I used to visit a RAD discussion forum and read about a few of the so called "healers" of these childrens and well, scam kind of came to mind. The bigger the problem in society the more likely you will find someone selling a cure.

The experts do agree about therapy and it will make a psychopath worse for the rest of us but fit better into society. I think it will likely keep them off death row and prison and just make them a slicker version. I think from what you are running into is the blind thinking that what harm could a child possibly do. Clearly it is very wrong thinking.

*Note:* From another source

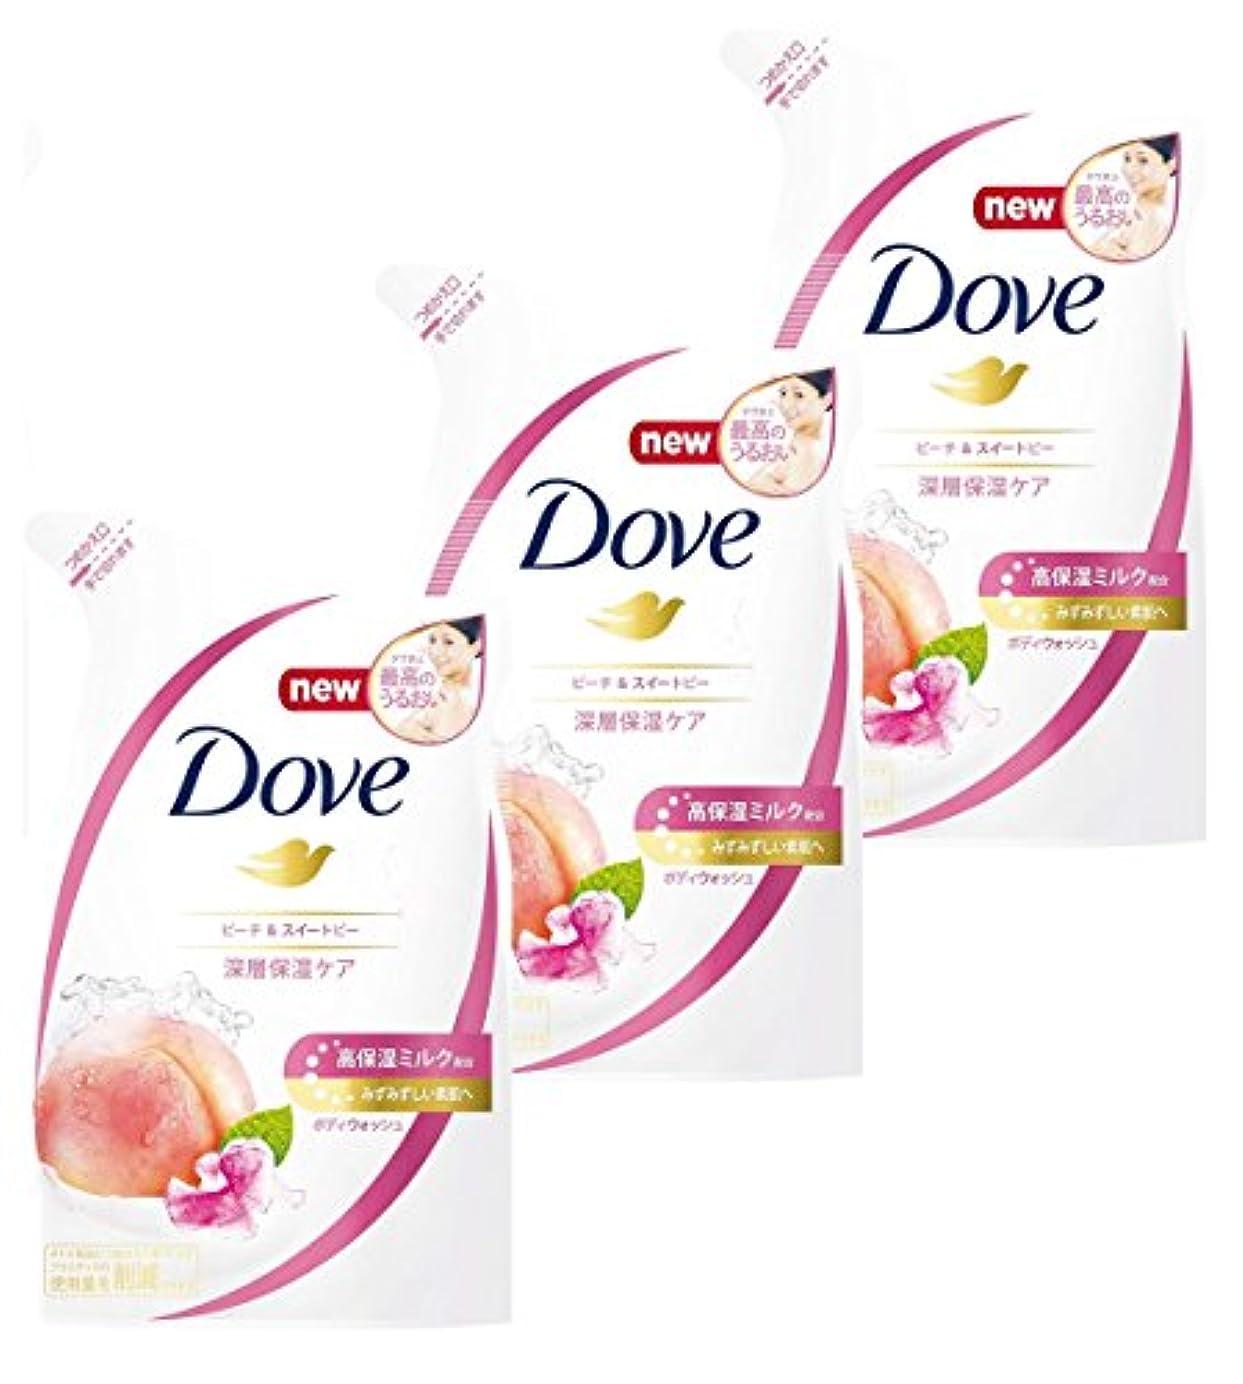 退却キリスト教どこにも【まとめ買い】Dove(ダヴ) ボディウォッシュ ピーチ & スイートピー つめかえ用 360g×3個
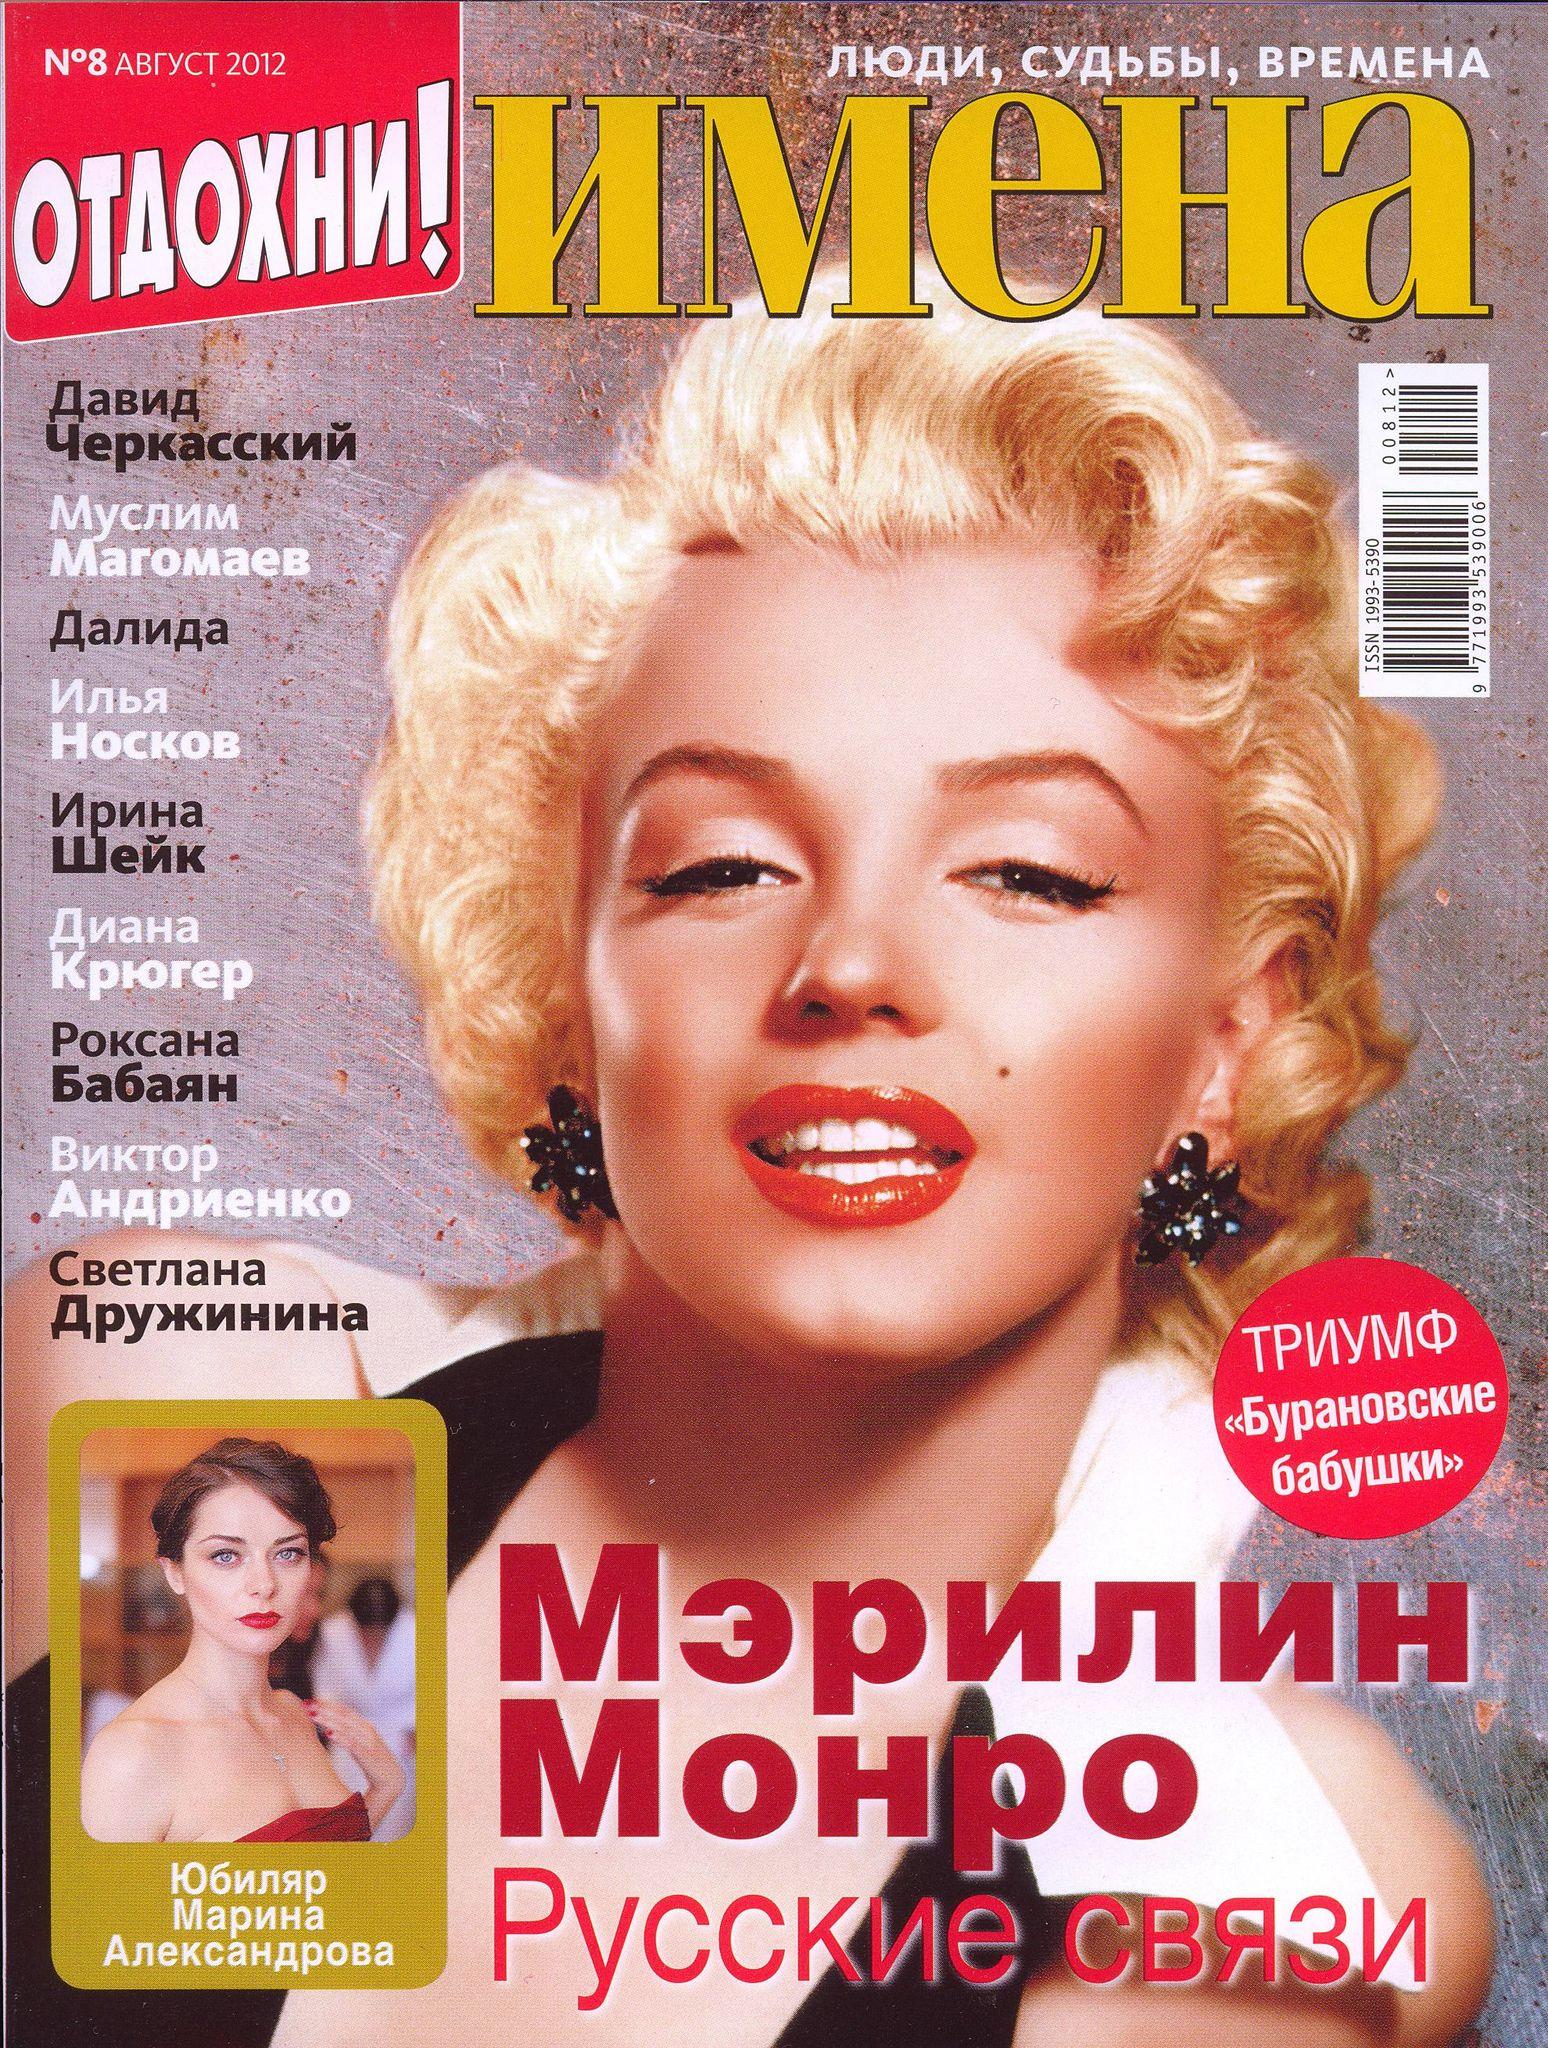 2012-08-otdohni_imena-ukraine

What can you do? Is it possible to keep getting him put back in for 6 - 9 months at a time or is there a limit on how often this can happen to be covered? Or is this even covered by services or insurance?

Posted by: Dianne E.

Re: RE: Adopted child and RAD - 02/26/17 02:35 PM

I meant to add. It was so long ago that I read about Ted Bundy but as I recall his mother was a case. In some of these cases you can trace it back to the parent who may have given them the gene. For example I always wondered about Dahlmer's parents who did all the media and book etc. Was it one of them that gave him the gene or did their protective environment have him turn out to appear to be okay when in reality he was far from okay.
Posted by: Dianne E.

Re: RE: Adopted child and RAD - 03/01/17 01:12 PM

Hi DadofRad, I ran across Ted Bundy's final interview on YouTube. He was a victim till the end. I am going to order Ann Rules's story about him because he paints his family as very normal but I recall differently.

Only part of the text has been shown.